L'appel à l'aide des téléopérateurs

Une centaine de téléopérateurs de tous pays sont venus dénoncer leurs conditions de travail ce mercredi à Paris, dans un salon destiné aux professionnels des centres d'appel.
  












En parallèle du salon professionnel des centres d'appel baptisé «Stratégies client» au Parc des expos de paris, les syndicats Sud et CGT ont organisé un colloque international sur la même thématique, du 2 au 4 avril.
Les débats se sont conclus, ce mercredi, par une manifestation des salariés devant le «salon des patrons». Aux cris de «Que viva la lucha de la clase obrera !», une centaine de téléopérateurs français, tunisiens, marocains, espagnols, sud-africains, ont fait le tour des stands dans le calme. Dans le cortège, Olivier Besancenot pour le NPA et une représentante de Lutte ouvrière prendront la parole rapidement pour exprimer leur soutien aux 270 000 téléopérateurs français, 30 000 Marocains, et 20 000 Tunisiens.

«On a les mêmes patrons»

Ils viennent de partout dans le monde «parce qu'on est maltraités partout, analyse Xavier Burot, secrétaire fédéral de la CGT, en charge des centres d'appel prestataires. Ce sont les mêmes logiques où on essaie d'écraser l'individu». Il cite les travailleurs maghrébins, obligés de se faire appeler Michel ou Jean-Philippe et de travailler les jours des fêtes religieuses musulmanes. «Actuellement, la seule chose qui est prise en compte, c'est le coût. Dès qu'on râle, on nous menace de délocaliser. Il faut à peine une heure pour déplacer quarante millions d'appel», déplore le syndicaliste, employé d'un centre téléphonique de maintenance informatique jusqu'en 2008.
«Ce qui nous réunit, c'est que nous avons les mêmes patrons», résume Taha Labidi, qui dénonce lui aussi le chantage à la délocalisation. Le jeune homme de 32 ans travaille à Tunis pour la société française Téléperformance, implantée dans plus de cinquante pays. «Je suis venu manifester pour dire à nos patrons que tous les salariés, dans les pays des deux rives de la Méditerranée, veulent faire de ce métier un métier durable. Les patrons considèrent que nous offrir un travail suffit, mais, qu'ils le veuillent ou non, ils ont aussi besoin de nous.» Secrétaire général adjoint de l'Union générale tunisienne du travail (UGTT), il se félicite de l'amélioration des conditions de travail en Tunisie, «grâce aux luttes. Maintenant, les efforts doivent s'unir».
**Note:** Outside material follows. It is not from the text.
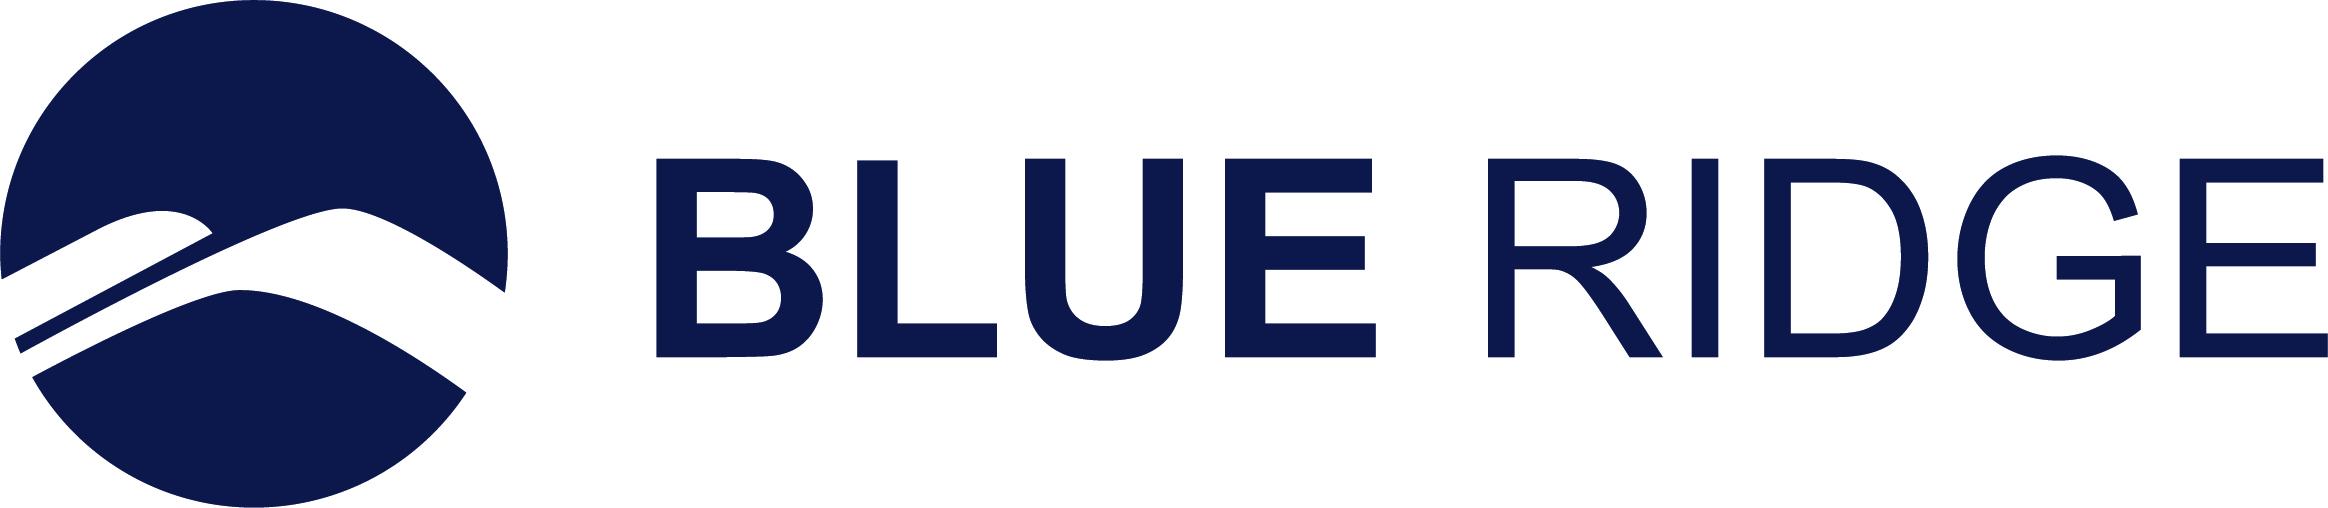 Registration Open for Blue Ridge BLUEPRINT Virtual Conference October 5-6
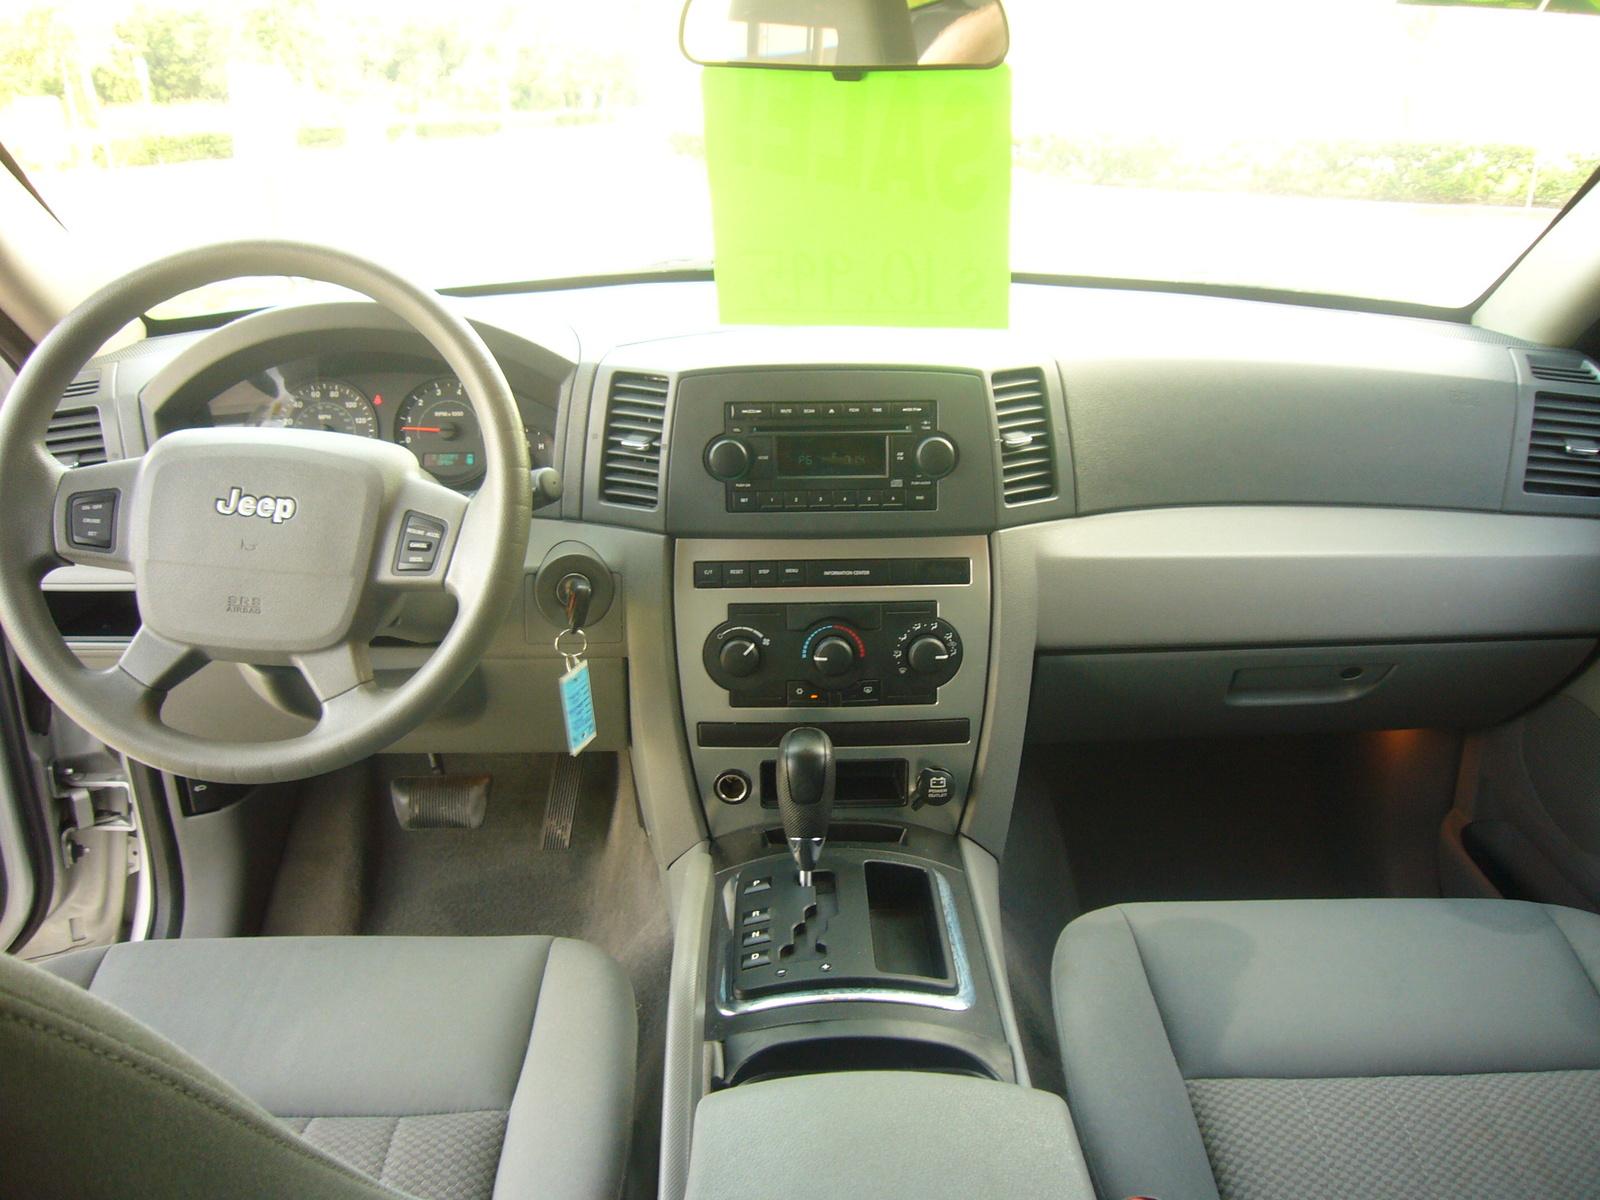 2005 jeep grand cherokee interior pictures cargurus - 2005 jeep grand cherokee laredo interior ...

Moins de trois minutes par appel

Au quotidien, «tout est mesuré, calculé, tracé», se plaint Tina Hurtis, qui travaille chez Armatis Ile-de-France depuis près de vingt ans.
«Pour les pauses par exemple, on devait prévenir les collègues et les supérieurs en posant une bouteille sur notre table et en cliquant sur un bouton de notre poste informatique», raconte Nicola Cianferoni. Ex-employé d'un plateau international de dépannage automobile en Suisse, il est désormais chercheur en sociologie du travail. «La discipline est militaire dans ces boites, et il n'y avait pas de syndicat. Il fallait passer entre 50 et 60 appels par jour, de moins de trois minutes de préférence», se souvient-il.

Les vendeuses aussi

Parmi les manifestants, Jacques Dechoz, syndiqué à Sud, est inspecteur du travail. Il a contrôlé des centres d'appel pendant quatre ans. A ses yeux, «c'est là que se forment les nouvelles formes d'exploitation des salariés. Par exemple, rien ne limite la surveillance». Il cite, en vrac, les doubles écoutes, les appels mystères, le chronométrage et la vérification par reconnaissance vocale des termes employés. Selon lui, ces plate-formes sont de véritables laboratoires et présentent un danger pour l'ensemble du monde du travail. «Les techniques testées dans les call-centers sont en train de se répandre dans d'autres milieux. En France certaines vendeuses sont équipées de micros et doivent respecter un script rédigé par leur hiérarchie.»
En fin d'après-midi, des syndiqués de plusieurs pays devaient rencontrer les représentants des entreprises de télémarketing. Un rendez-vous symbolique pour Xavier Burot, qui redoutait «un dialogue de sourds. [...] Les patrons sont dans le déni, alors que 90 % des embauches sont en CDD et le taux de turn-over [rotation, ndlr] est de 25 %».